Armenian News Network / Groong

The Critical Corner - 05/01/2019

A Review of Secret Nation The Hidden Armenians of Turkey by Avedis Hajian

Armenian News Network / Groong
May 1, 2019

In this 104th year since the Armenian Genocide, the Turkish state continues its policy of denial. I would like to share with you the brief review I wrote of Avedis Hadjian's remarkable book for Arev Hye Book Salon in January. It is a reminder that the Genocide of our nation continues…

By Rubina Sevadjian Kingwell


Secret Nation
The Hidden Armenians of Turkey
by Avedis Hadjian 

ISBN-13: 9781788311991
Publisher: Bloomsbury Academic
Publication date: 06/30/2018
Pages: 592

How beautifully and touchingly Avedis Hadjian writes. I read the introduction with tears in my eyes. His description of a cowed and frightened people is so immediate. In just a few words, he not only tells us how they look but gives a good idea of how they must feel. The feelings are mostly various degrees of fear.

Hadjian is very aware that many of the ‘hidden Armenians’ could or could not be Armenians at all. In Turkey every despised being, by race or religion, is now called Armenian. Be they Assyrian, Alevi, various types of Kurds and others. Making the matter very complicated indeed.

Hrant Dink’s true claim that Sabiha Gökçen, that paragon of Turkish heroism, was an Armenian, cost him his life. So it is entirely understandable that Armenians who have been hidden for some time are not so forthcoming about their origins.
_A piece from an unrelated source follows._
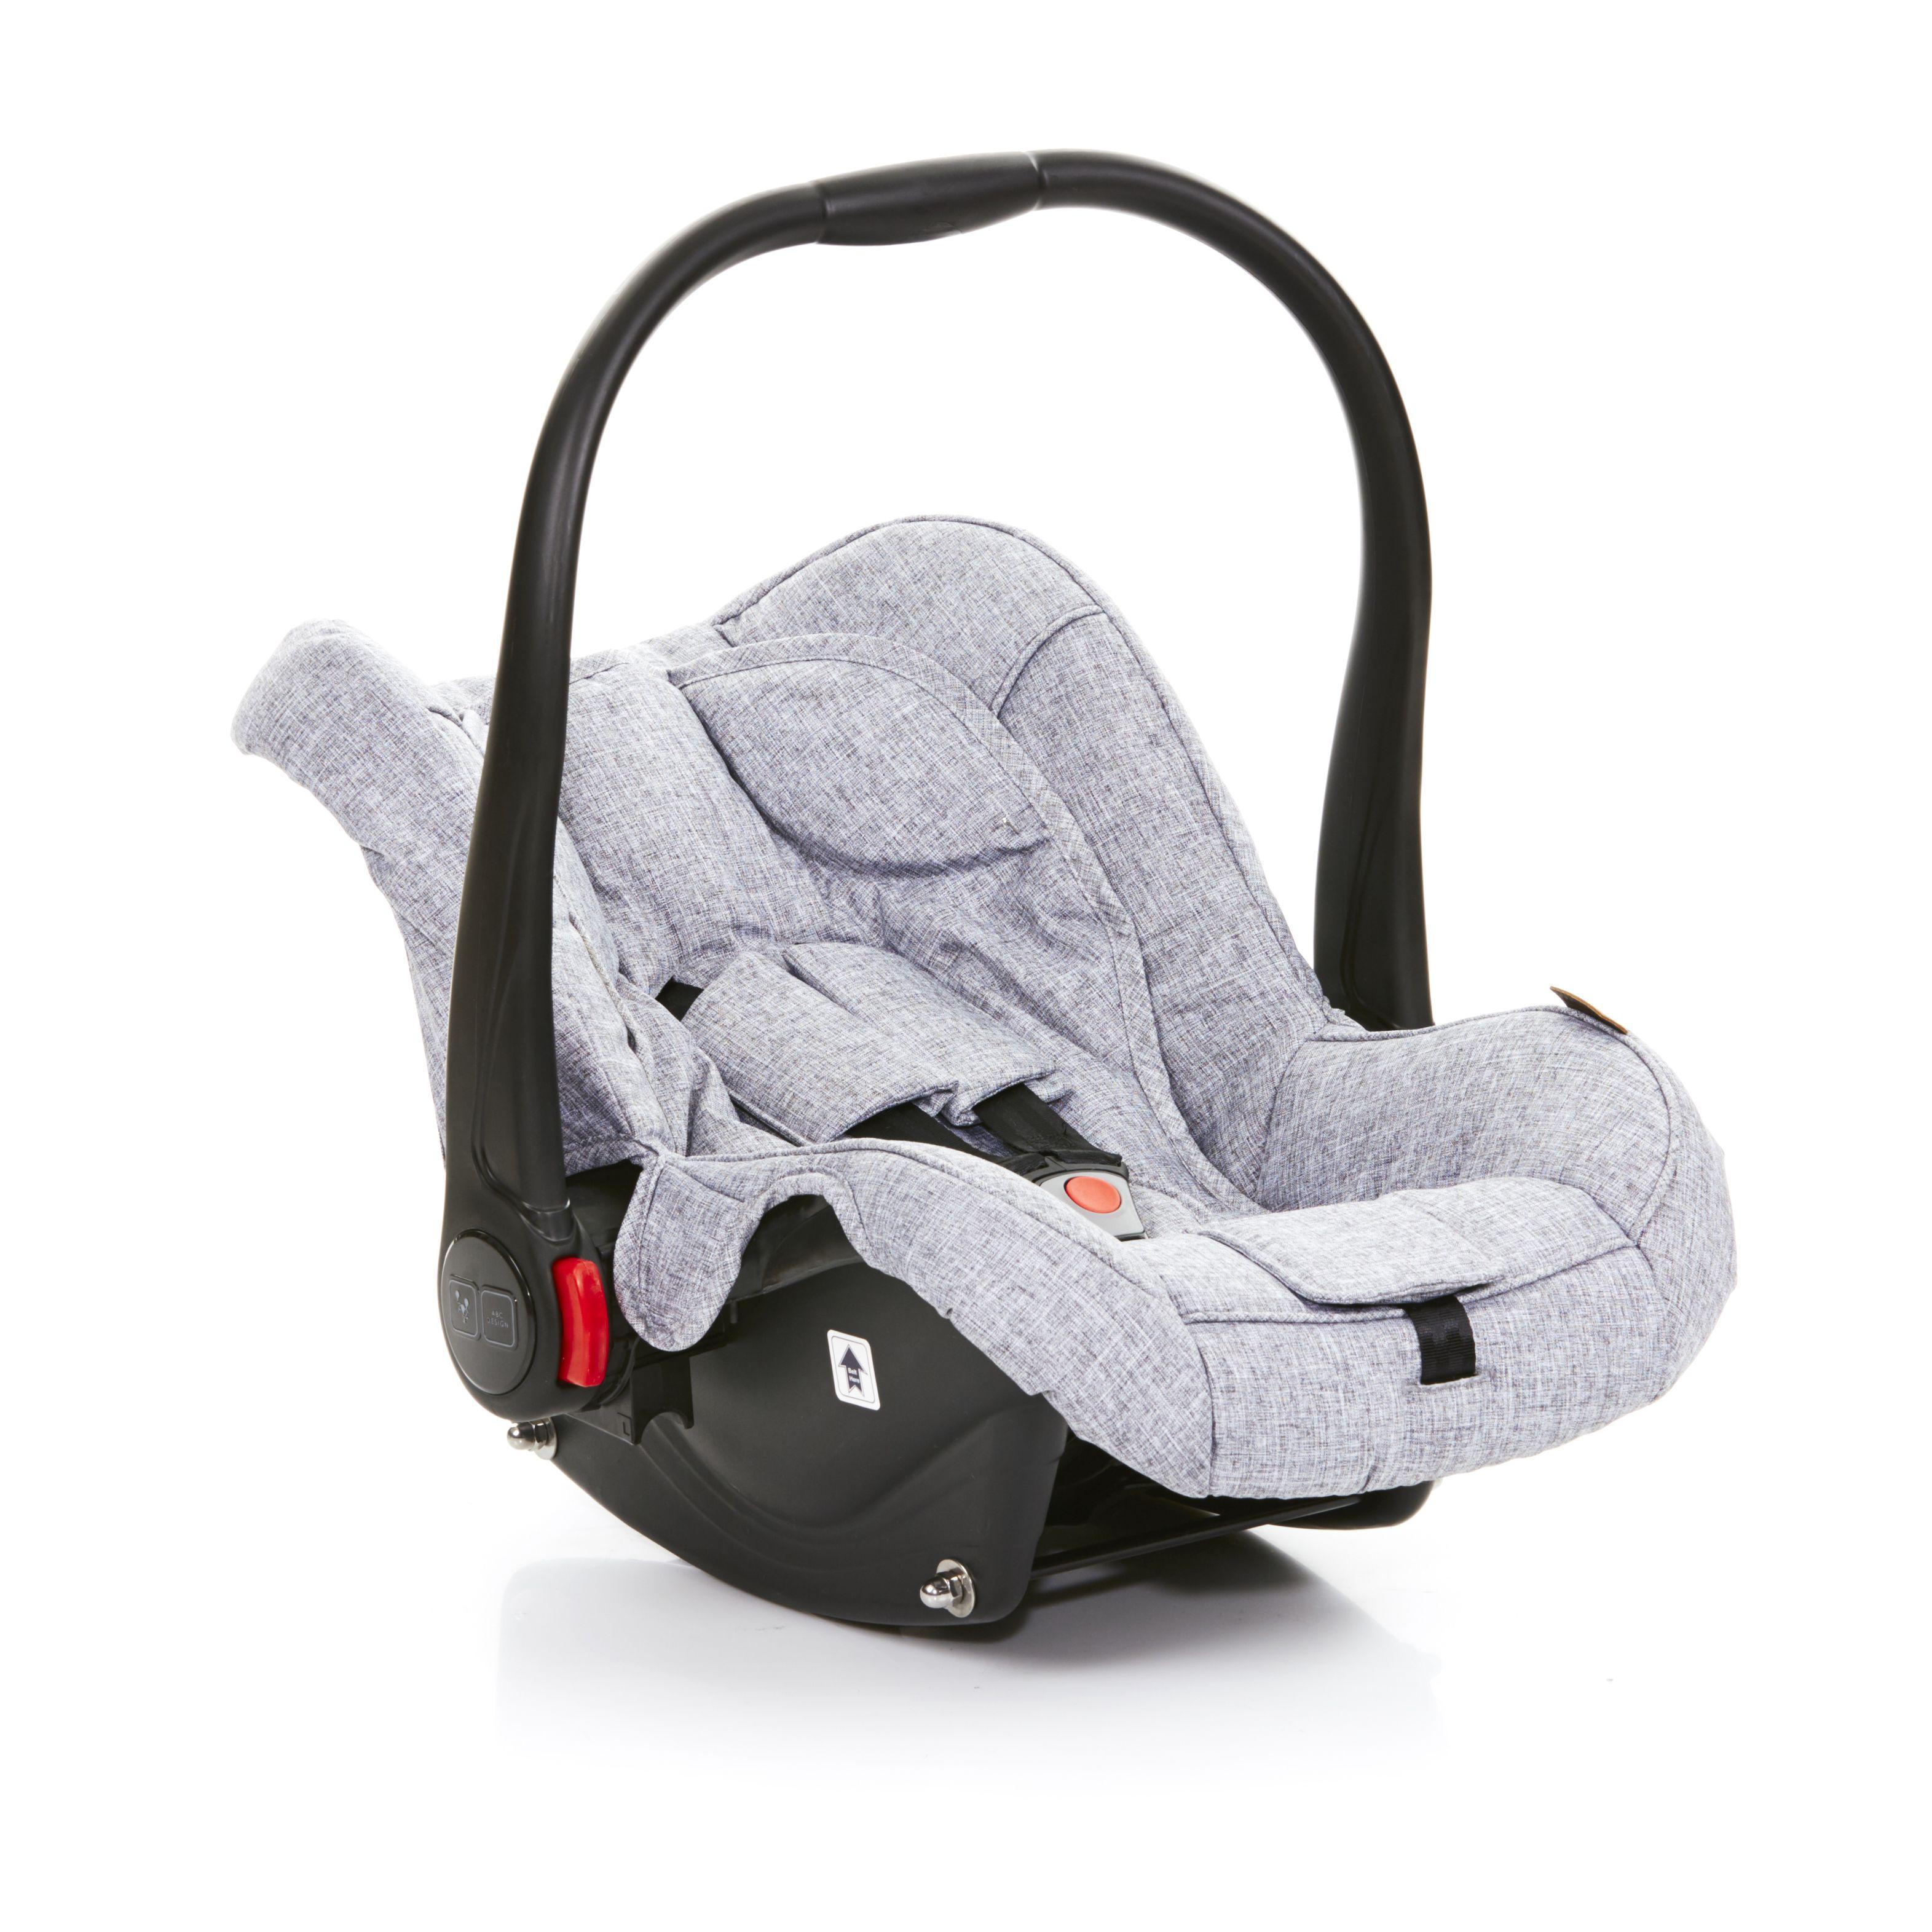 Abc Design Infant Car Seat Hazel 2018 Graphite Grey Buy At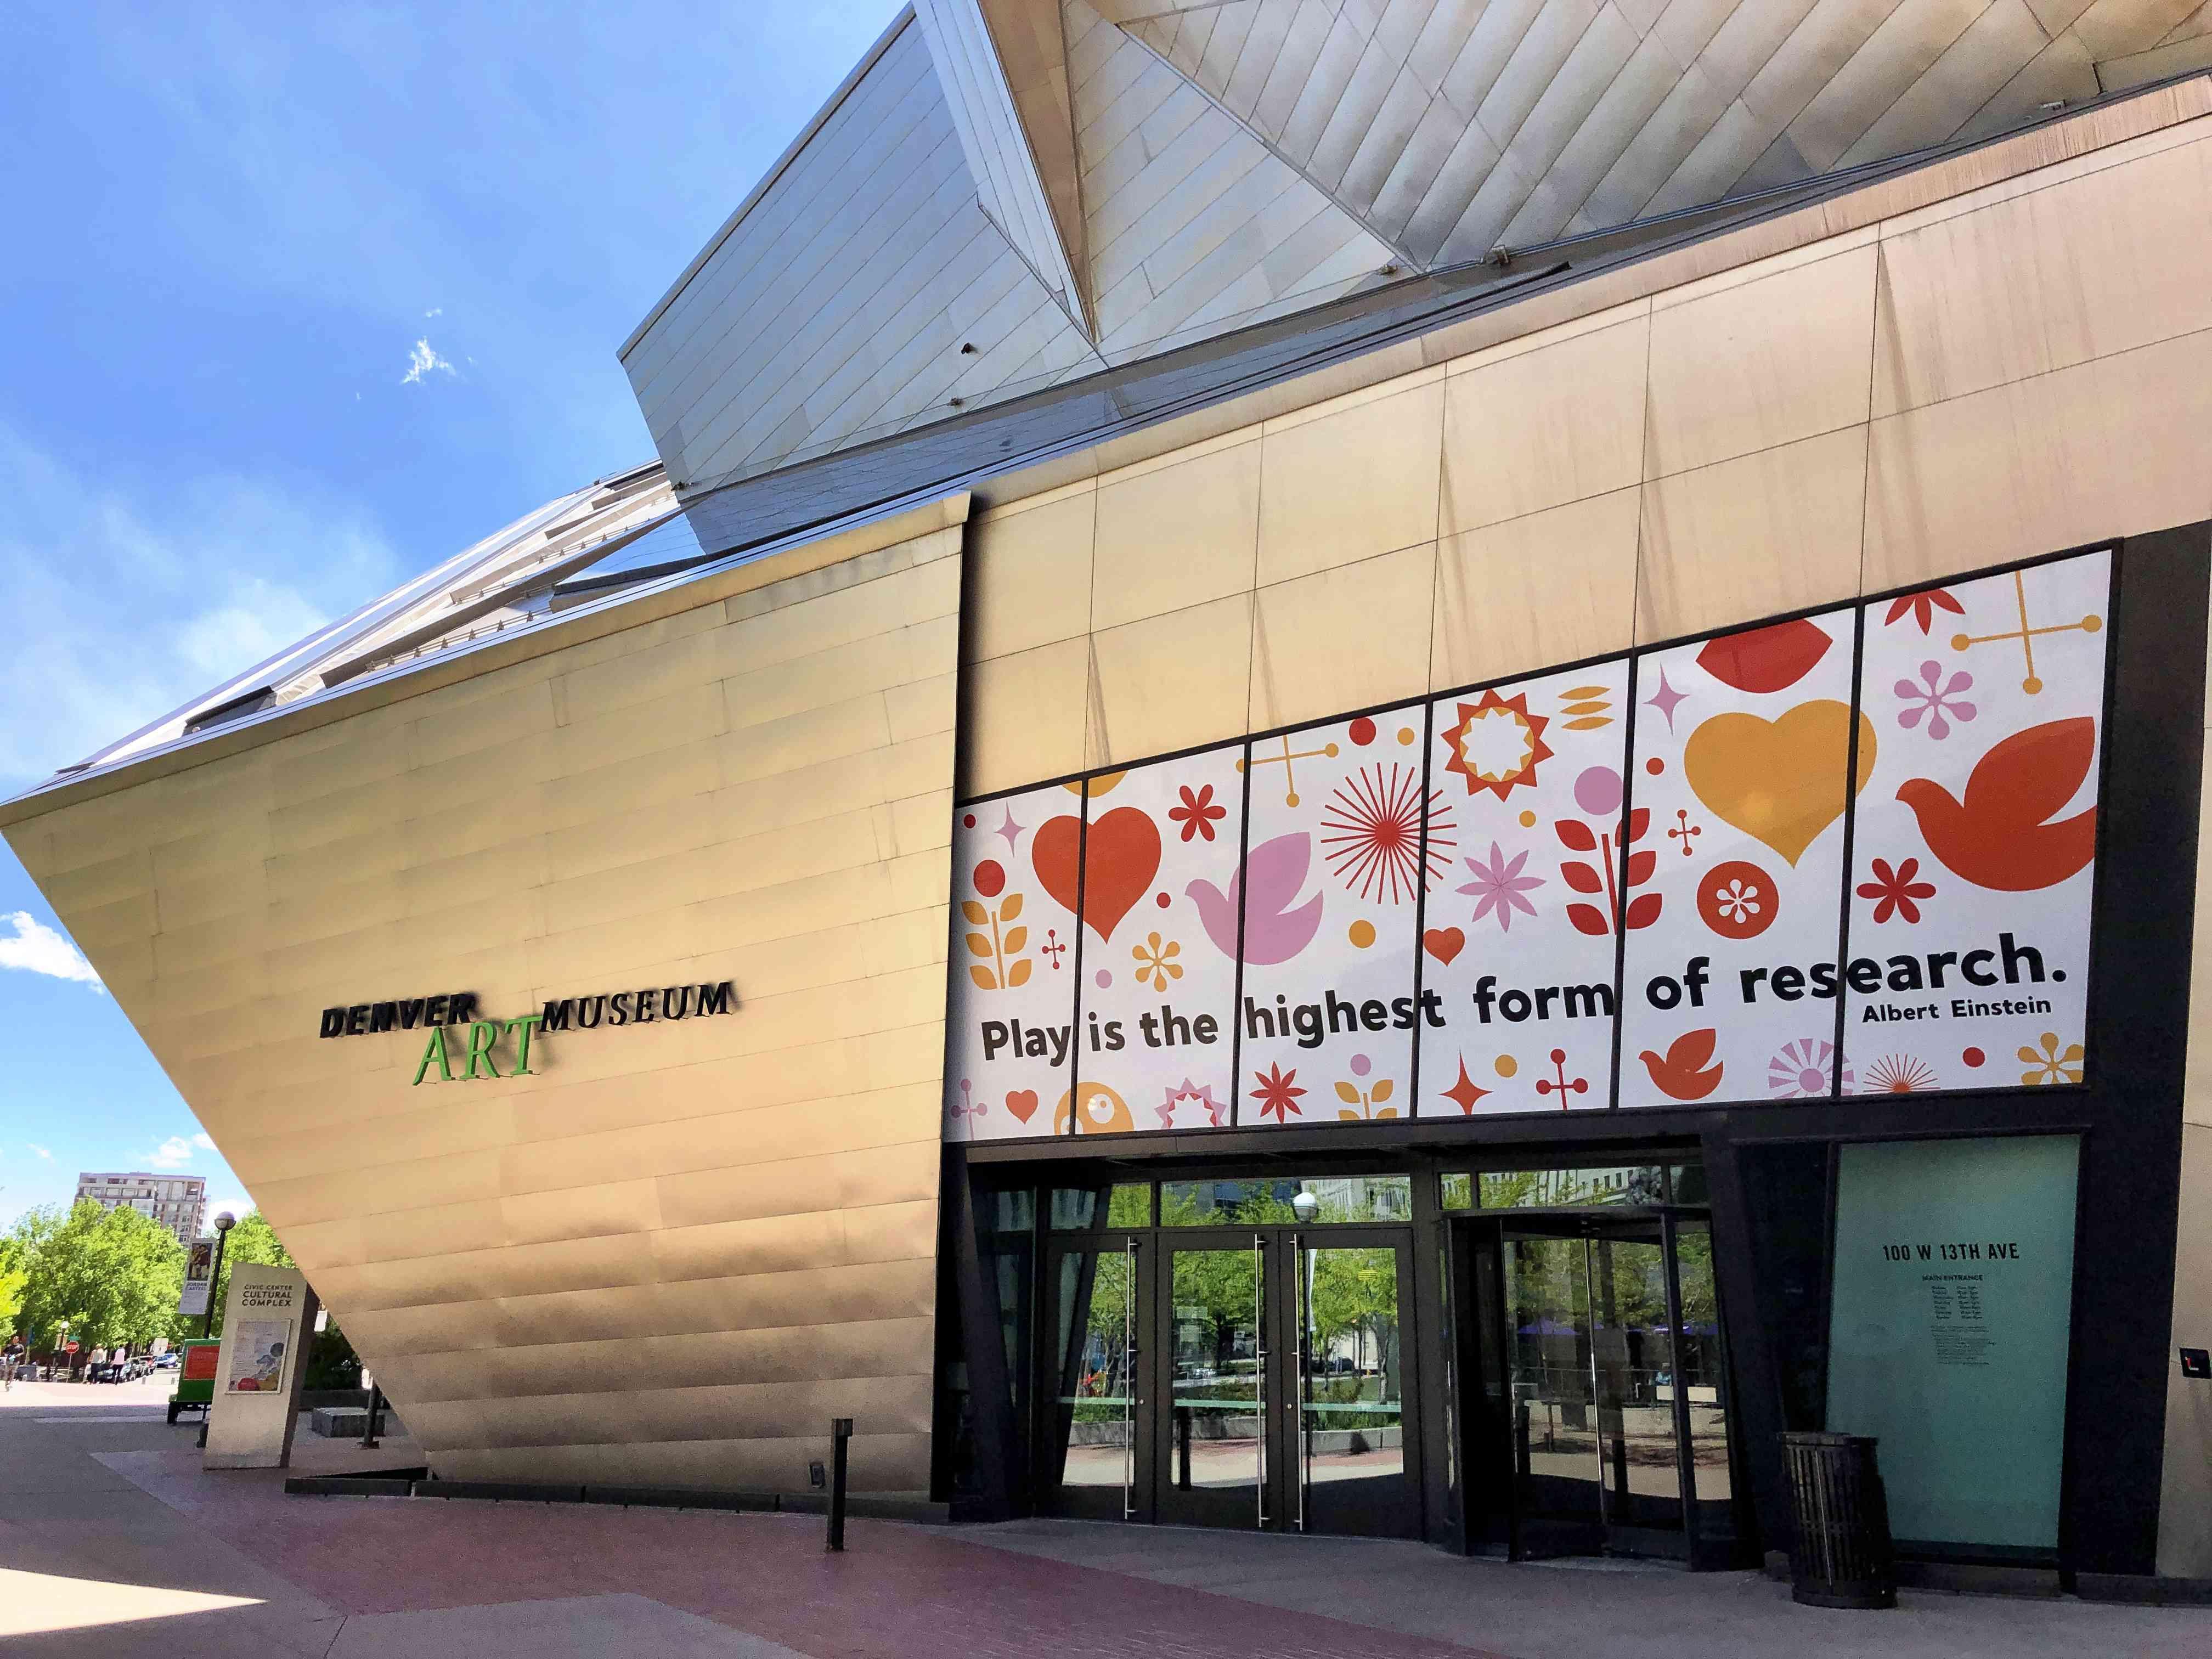 Entrance to the Denver Art Museum

‘Turkey has proved extremely sensitive to any perceived threat to its state and territory, even if unfounded.’ This is perhaps one of the most important sentences in the introduction—especially for those who may not have much idea of how fascist the Turkish state is. Again and again, Hadjian makes the important distinction between state and government in Turkey. Anyone who has travelled there should have felt the tyranny of the state (and its functionaries).

Hadjian warns against outing Armenians in Turkey—especially in the provinces. The fear of the little girl in the mountains of Sasun, spoke volumes. Being known to be Armenian can often result in dire consequences. So those who do not want to be known should not be censured for not immediately coming out and proclaiming themselves as Armenians. And I couldn’t agree more. I have seen that fear.

Hadjian says his ‘initial introduction would have finished with the following line: “There is nothing for you to fear, little Sasun girl. You are not alone.” These fine-sounding words are, at best, nothing else if not irresponsible.’

That fear and paranoia are ever-present in these people’s lives is horrible. The two most repeated descriptions in the book are: ‘fear’ and ‘pejorative’.

The chapter on Bitlis immediately put me in mind of my visit there. Apart from the general hostility which we encountered, there was a gendarme who realised that one in our group spoke Turkish. He offered to bring a shovel to dig up ‘the gold’. Everywhere we travelled, the Turks were sure there had to be gold and that we were concealing treasure maps.

We too met with the child-like desire of Kurds to hear our eternal thanks and brotherly love for them which Hadjian encountered. They are proud of their newly discovered zeal for atonement for their deeds during the Genocide and their ‘cherry-picked historical facts.’

Hadjian says that nowhere did he encounter fear like that at Adana. Indeed, that is how I felt there. The aggressive stance of the many young men who wanted to know what were doing there and repeatedly using the word giavour jostled us—they knew what they were saying.

That the Patriarchate in Constantinople rebuffed a man’s attempts to find out about his Armenian family before the Genocide does not surprise me at all. I asked the (then acting) Patriarch too—about Aintab—and he was dismissive to the point of rudeness and hostility. So I can well believe how some of the unkibar people from the provinces might be treated.

Antap, or Aintab as I prefer it, is the chapter I enjoyed most. Perhaps because that was the city I paid closest attention to when there; I visited everywhere mentioned by Hadjian. The once great mansions turned into ‘museums’ of nothing, or garish cafes and hotels, the Armenian writing on the walls now described as ‘ancient Turkish’ makes one want to laugh—or maybe cry. I even had some pakhlava at Abuśoglu, and yes, the name is very proudly displayed.

Fear everywhere is pervasive and the disfigurement of all vestiges of Armenian culture ongoing.
‘It was Genocide by other means continued, before my eyes.’ Hadjian writes. One cannot get away from it.

I truly think this is a very important work. Not just for Armenians, but for anyone studying the after-effects of Genocide.